組織の API を改善/保護するためのベスト・プラクティス
API の保護は難しく、従来のセキュリティ・ソリューションでは、API エコシステムの技術的な問題に対して、適切な対応がとれない。そのため、以下のベスト・プラクティスを実施することで、セキュリティ体制を改善し、API と 組織を保護していくべきだ。
セキュリティの優先順位付け
API のセキュリティは後回しにすべきではない。API の開発/開始から配備/統合に至るまで、セキュリティを優先させることが、API のセキュリティを確保する鍵である。専用の API セキュリティ・ツールに従い、API のセキュリティを強化することで、API を構築/統合する際の、セキュリティ要件が概説される。
安全な API 設計/開発の推進
安全とは言えないデザインは、OWASP が強調する攻撃ベクターの1つになる。API を開発するための安全なコーディング/コンフィグレーションのプラクティスを作成する必要がある。それは、OWASP のアプリケーション・セキュリティ検証基準に従うことで実現される。
組織の API を文書化する
API をセキュアにする前に、まず組織で稼働している、すべての API を把握する必要がある。最適なアプローチは、API トラフィックを継続的にスキャンし、動的なインベントリを作成する API セキュリティ・ツールの活用である。 このようなツールは、API の文書化や、設計のレビュー、セキュリティのテスト/保護に役立つ。
強力な認証/許可ソリューションの実装
OWASP が述べるように、典型的な API 攻撃を引き起こす認証/許可の失敗は、不十分あるいは存在しない認証/認可に起因する。API は、組織のデータベースへのゲートウェイになり得るため、強力な認証/認可を実装した厳格なアクセス制御を行う必要がある。OAuth や OpenID Connect のような強固な認証ソリューションを、可能な限り統合する必要がある。
最小特権原則の導入
情報セキュリティにおいて、ユーザー/プログラム/プロセス/デバイス/システムは、最小限の情報に対するアクセスのみに制約する必要がある。それぞれにとって、タスクを完了するために必要な、最小限のアクセスのみを許可する必要がある。この原則は、API にも適用される。開発者とセキュリティ・チームに適切なアクセス権を与え、タスクが完了した時点で、そのアクセス権を剥奪する。
API セキュリティ・テストの実施
API を実運用に移す前に、API における脆弱性の有無を調べるために、API テストを実施する。このようなテストにより、API の脆弱性は、悪用される前に特定される。
ランタイム・プロテクションの導入
動的なランタイム保護は、ビジネス・ロジックのギャップを狙った攻撃からの保護に役立つ。それらの攻撃方法は、実運用へ移行する前の API セキュリティ・テストでは見つけられない。開発者が完璧なコードを書くことはあり得ないと捉え、脅威アクターによる API 操作を阻止するための、API ランタイム保護が必要になる。
暗号化によるネットワーク制御の実装
API により送信されるデータを暗号化することは、API セキュリティにとって不可欠である。トラフィックは TLS (Transport Layer Security) を使って暗号化する必要がある。API はアプリケーション間で機密データを交換するため、API のペイロードを暗号化する必要がある。
入力の検証
エンドポイントから API を介して入力されたデータは、サーバーに受け入れられる前にチェックされ、検証されるべきだ。SQL インジェクションや XML ボムを防ぐために、JSON や XML スキーマの検証を行い、パラメータを確認する必要がある。
まとめ
API は、最新のアプリケーションを構築する上で不可欠なものとなっている。API がハッキングされると、データ漏洩につながり、セキュリティ・インシデントを引き起こす可能性が生じる。API は、一般的に、機密性の高いソフトウェア機能やデータへのアクセスに使用されるため、徐々に主要な攻撃対象になってきている。組織の最終目標は、強力な API セキュリティ・ポリシーを確立して実装し、それを積極的に管理することになる。

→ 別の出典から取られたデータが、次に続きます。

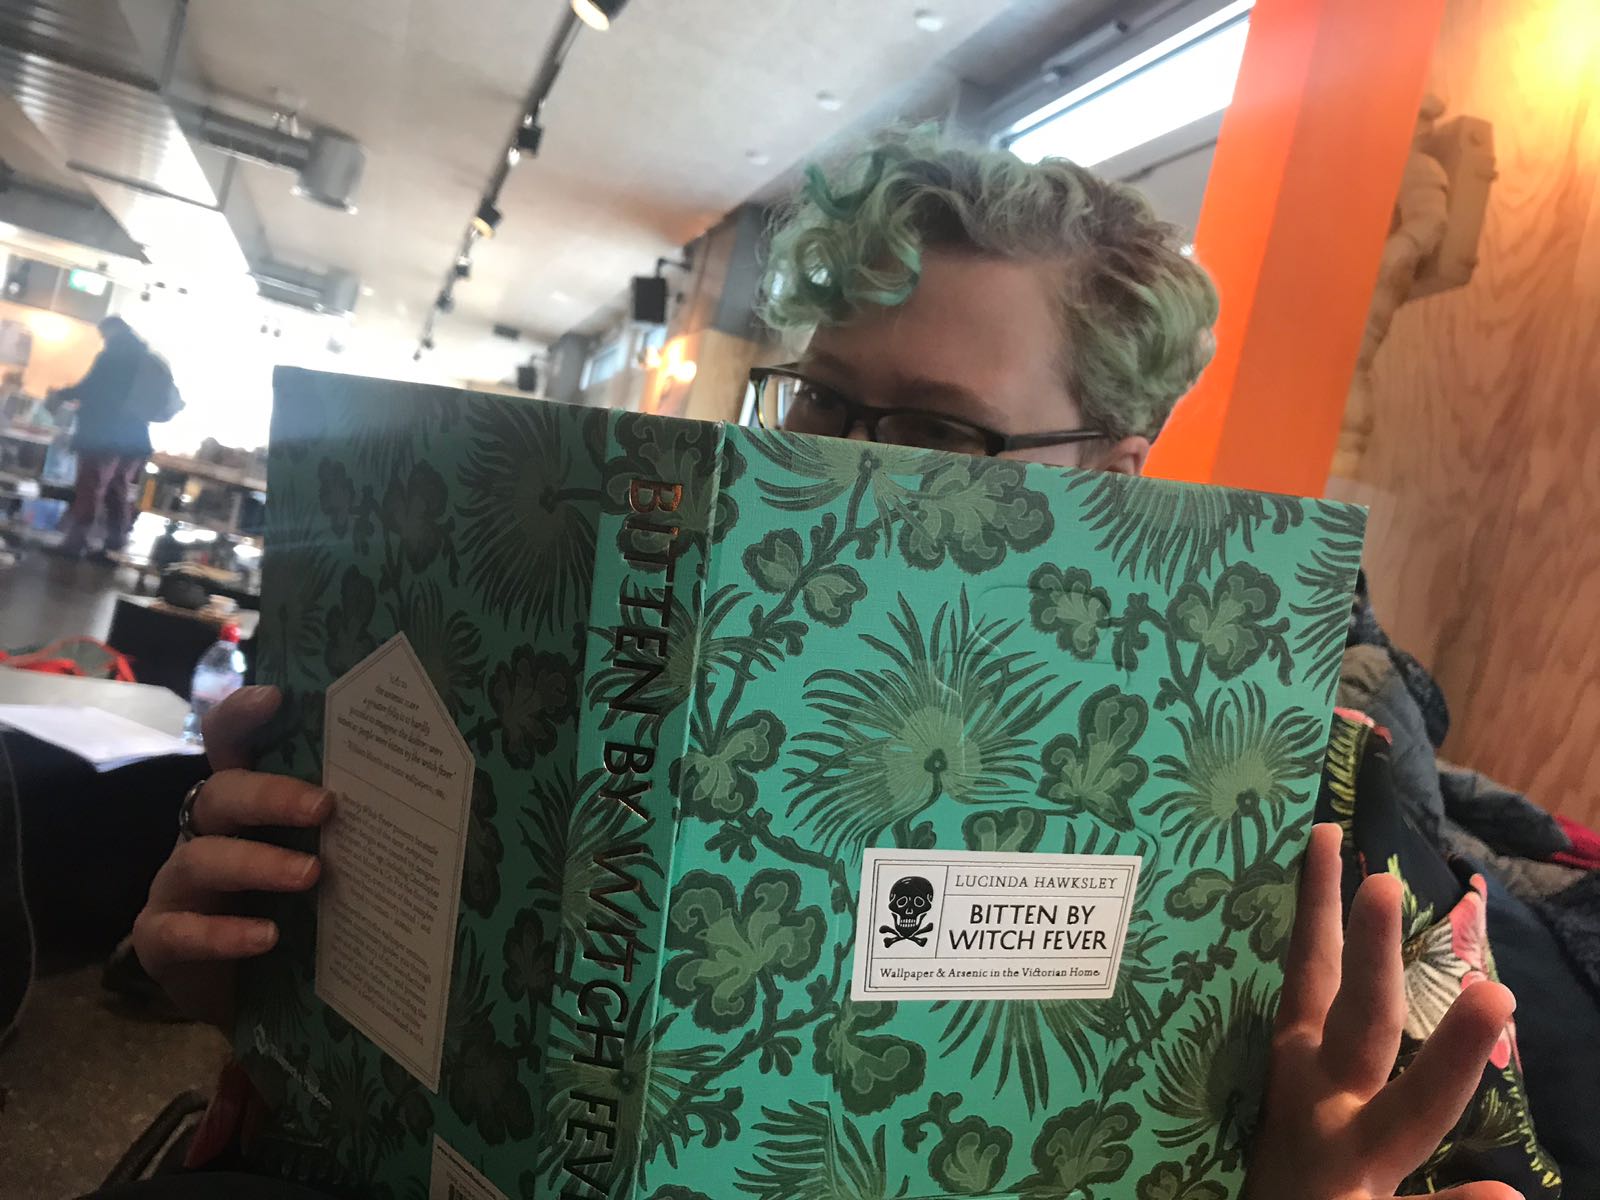 A person with curly green hair, reading a book with a green, flowery cover.

文中でも参照されている OWASP API Top-10 ですが、2021年10月に詳細な記事をポストしていますので、よろしけれは ご参照ください。過去 12ヶ月における API 攻撃のトラフィック量が 681% 増加しているという、VentureBeat の記事 Report: 681% increase in API attacks for customers in 2021 は、2022年3月に発行されているものなので、この数値は 2021年を通したものだと推測できます。